Сотник. Уроки Великой Волхвы
– Но Корней-то знает! – перебила Анна. – Должен же он …
– Угу. Третий палец загибай – на Андрюху Немого. Его-то, надеюсь, попрекать не станешь, за то, что Михайлу от стрел закрыл?
– Но мог же просто удержать, чтобы под выстрелы не совался!
– А это, Анюта, уже третья тайна! Как дело в бою повернется, не может заранее угадать никто! Нет, как рати движутся, да как «одна сотня отсюда заходит, а вторая оттуда», это воеводы умеют, а вот про каждого воина в отдельности… Невозможно каждый миг провидеть! Как кто отшагнул, да оружием махнул, да конь под ним дернулся, да стрела откуда-то прилетела… Такая каша порой заваривается. Ты думаешь, как опытные и умелые воины гибнут? А ведь гибнут же! То ли не вовремя глазом моргнул, то ли конь лишний шажок сделал… по-всякому выходит.

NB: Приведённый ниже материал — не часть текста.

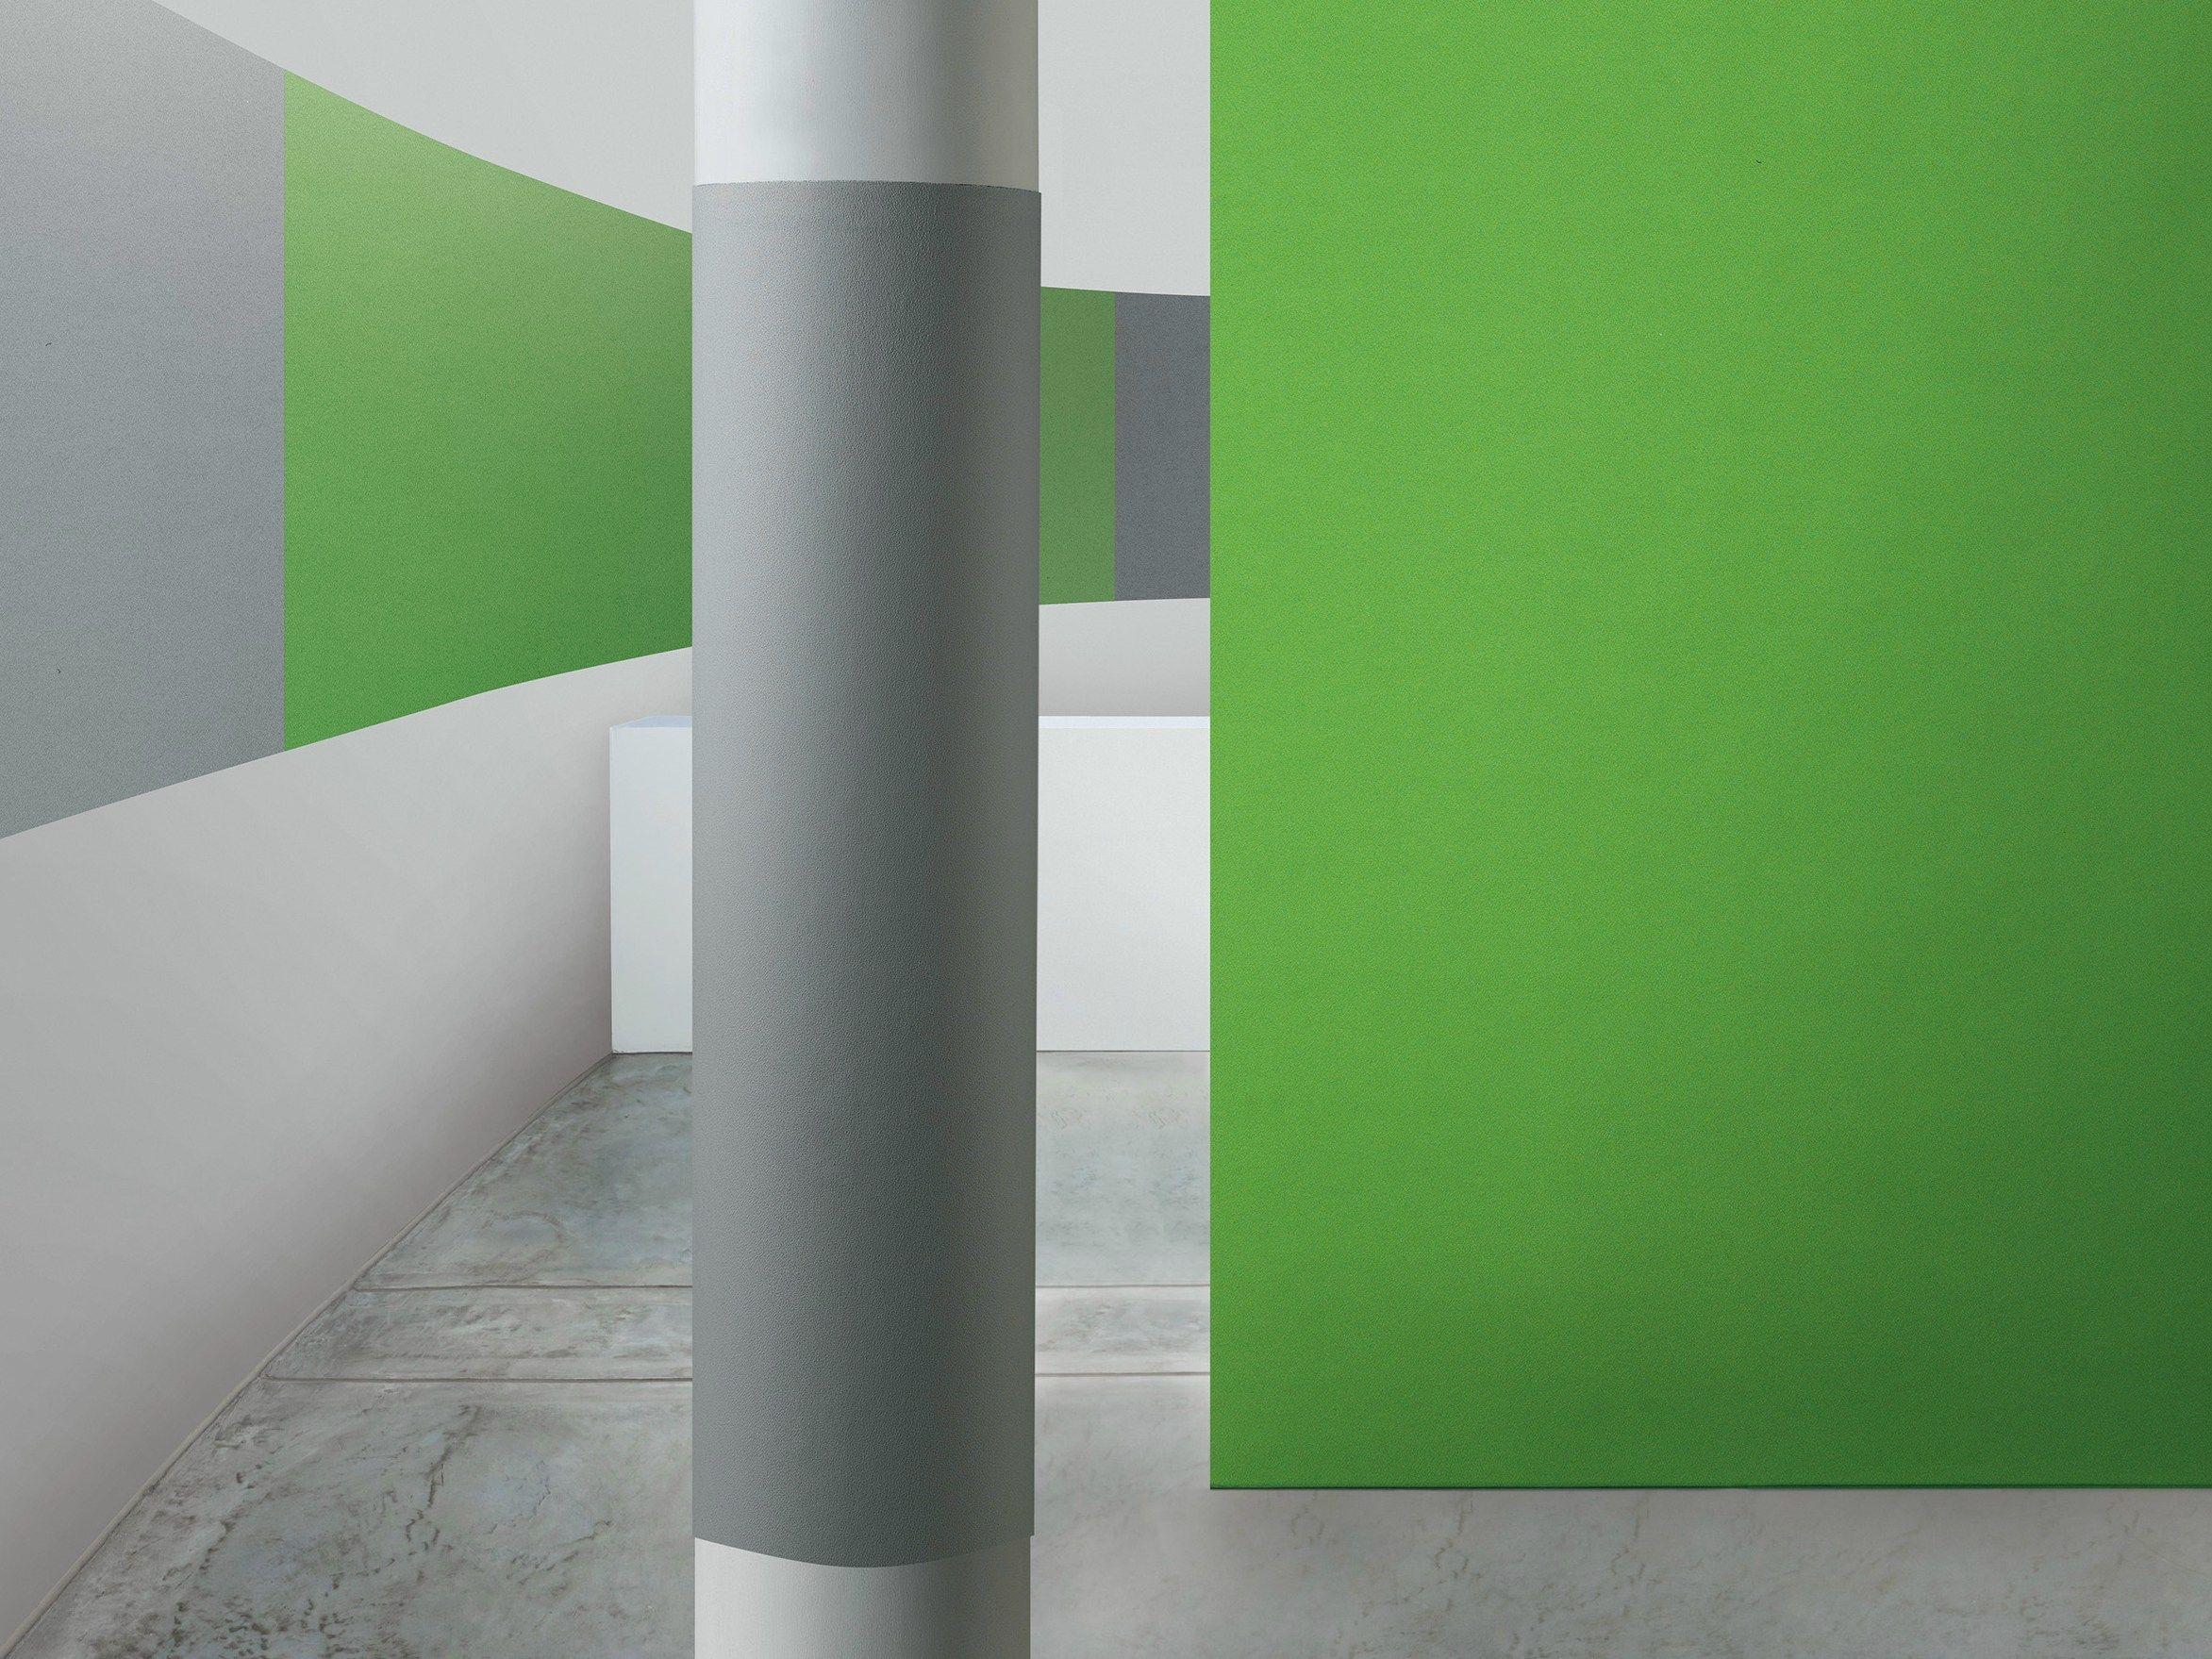 Panneaux acoustiques design for Panneaux decoratifs

– Да я не про бой! Я про то, что удержать, чтоб не совался…
– Угу. Давай, четвертый палец загибай. На Леху. И не надо бы тебе, может, об этом, но… боярыня же. Да, боярыня, так что ты сейчас свою бабью суть построже удерживай, противно женской сути то, что я сейчас расскажу. Противно, но тебе… ну, к тому все идет, что тебе и это знать надлежит. Ты глаза опричников Михайловых видала?
– Так я же каждому у ворот ковш…
– Я спрашиваю: ты в глаза им глянула?! – Филимон сердито пристукнул клюкой в землю.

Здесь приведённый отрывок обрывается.